The question we often get is what's that magical number, how many physical qubits do you need for a logical qubit? It started at tens of thousands and then a few years ago the ratio became 1,000 to one and more recently, that number has gotten better than 1,000 to one. Exactly where it ends up, I don't think anybody knows yet, but let's say, for the sake of argument, it gets to 100 to one, that's in the playing field of where some of the technologies are now and what they're scaling up to.

The number goes down because there is a better understanding of how error correction should work and more people are working on it. At the same time, more modalities are scaling in a way that's aggressive enough to support those kinds of physical-to-logical qubit ratios. The overhead has gone down over the years and the hardware platforms have gone up and the timeline for this intersection where you say: “I can build a number of logical qubits that are going to be interesting for people to work with,” has gotten much closer than what people have been thinking.

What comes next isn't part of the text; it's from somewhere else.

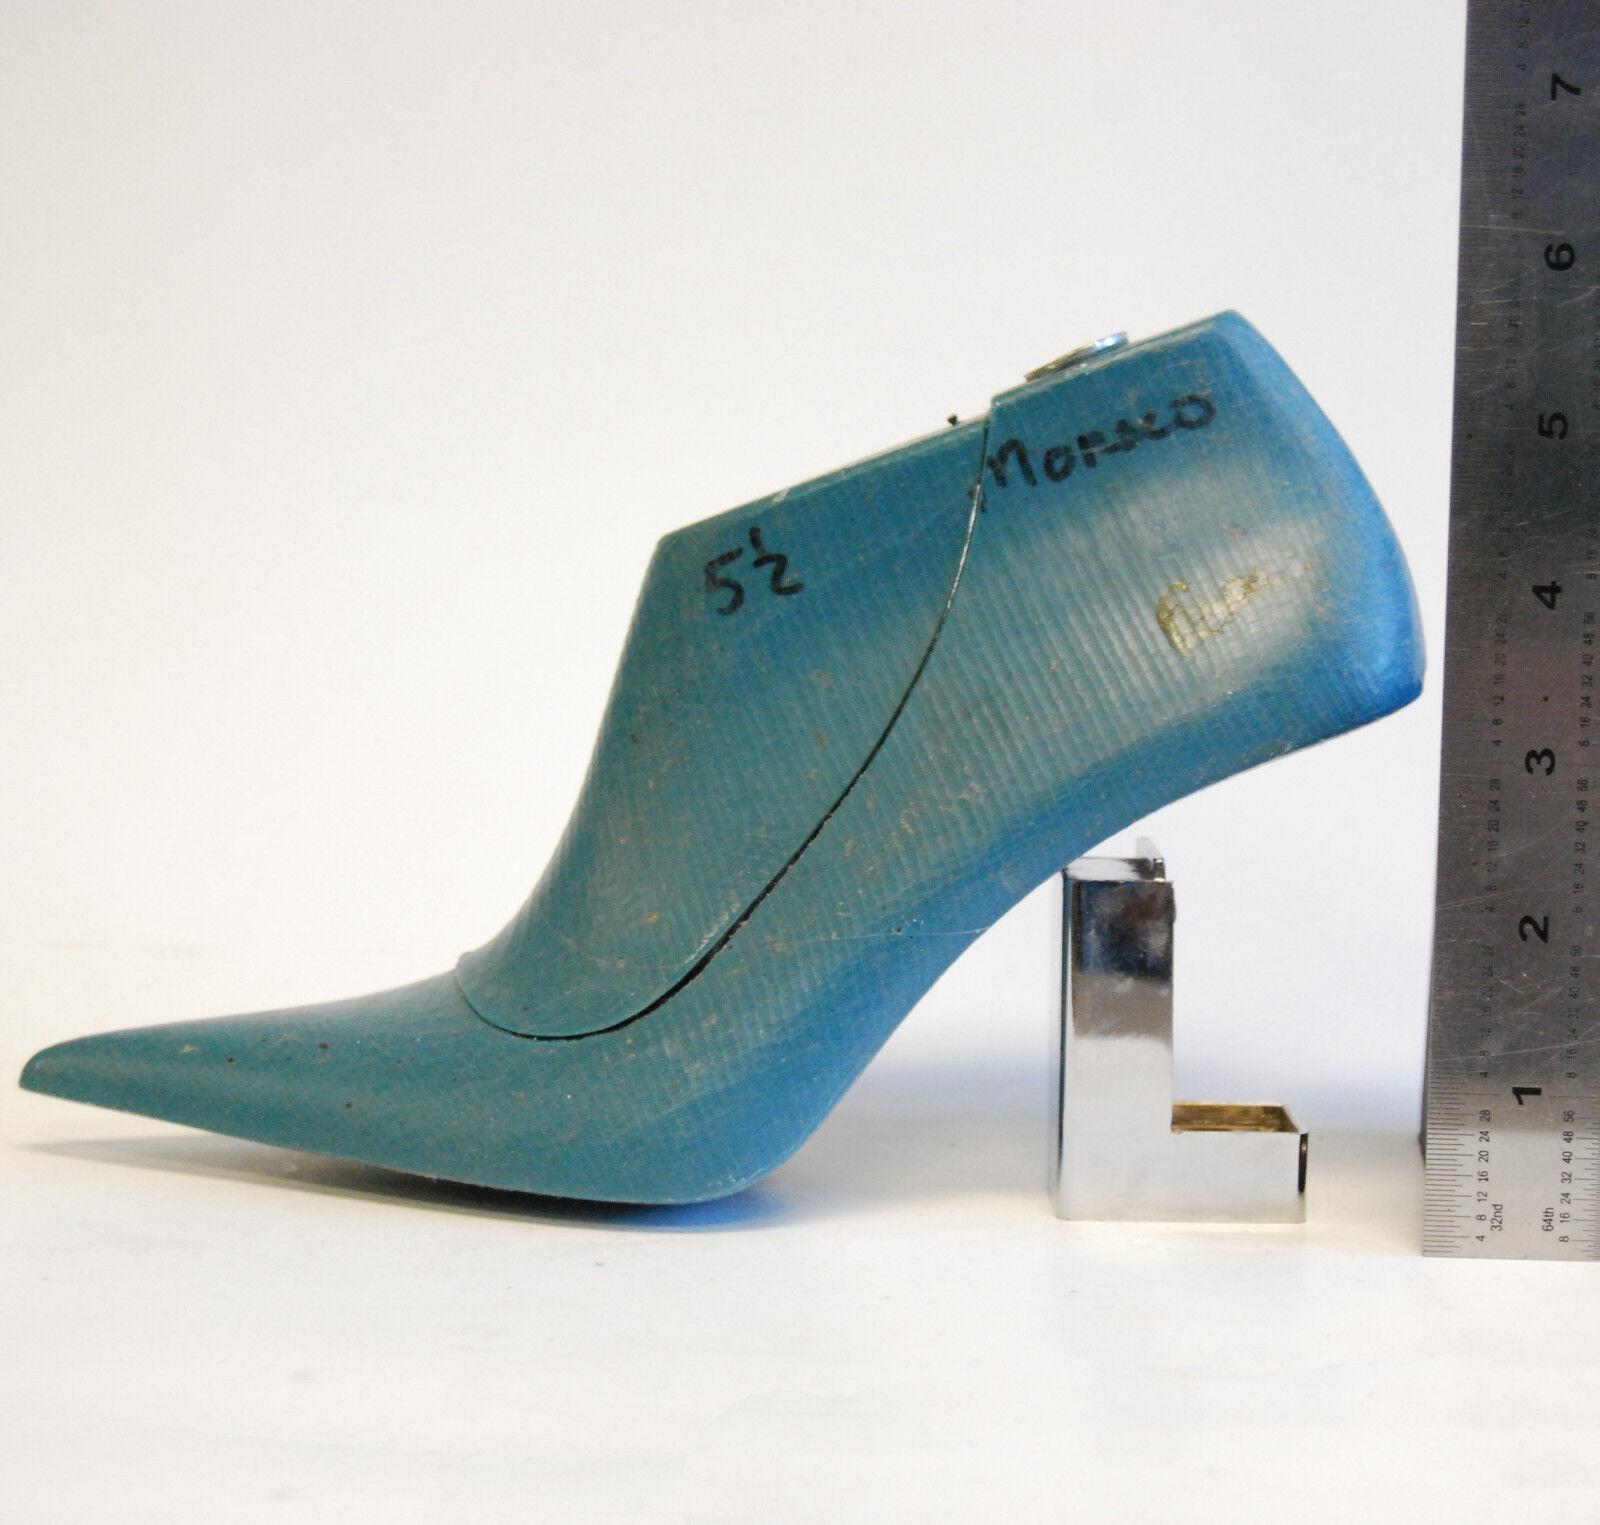 forma unica Donna  Stiletto scarpe Molds Lasts Pair, 3.5 3.5 3.5  Heel, US 5.5, EUR 35.5, Plastic  edizione limitata a caldo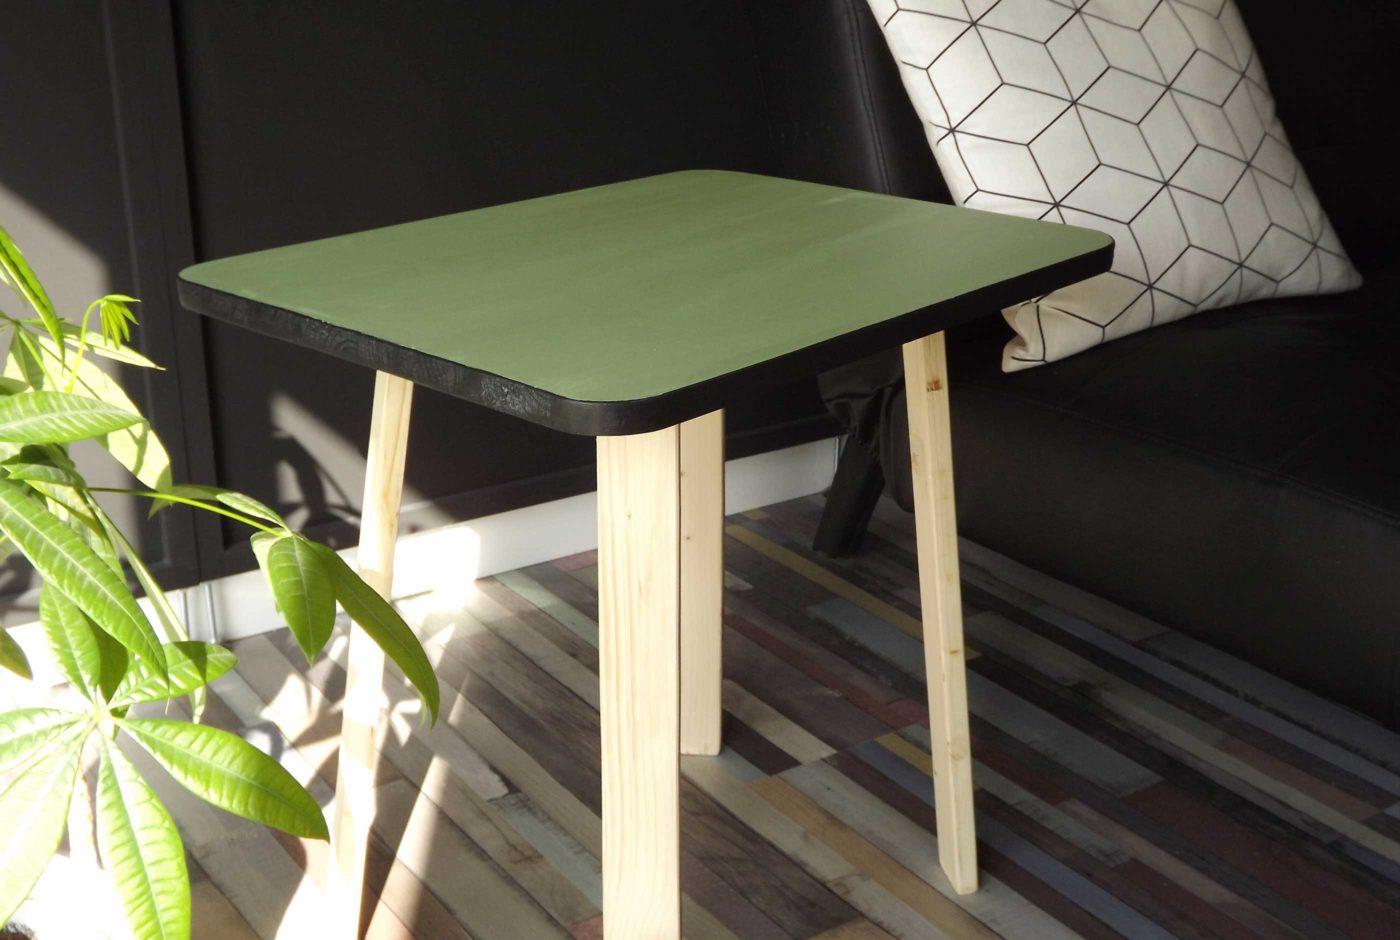 Table d'appoint formica en bois

What is the aim of Atom Computing’s collaboration with Microsoft?

Remy Notermans: It’s about creating a system with enough logical qubits to support this kind of work. We have the hardware capability; Microsoft has the algorithmic capability and we're combining that to take that first step of showing that you can build many logical qubits together.

The algorithmic application side is next, but resource estimate papers suggest those will need 80 to 100 logical qubits. But you can already start investigating these problems with fewer logical qubits than that. We’ll get excited about that once we have a platform that supports enough qubits to accelerate that kind of research.

Microsoft has shown this through its Quantum Discovery Suite, which has chemistry tools because chemistry problems often lend themselves to these earlier-stage numbers of fewer logical qubits.

What is the synergy between quantum computing and AI?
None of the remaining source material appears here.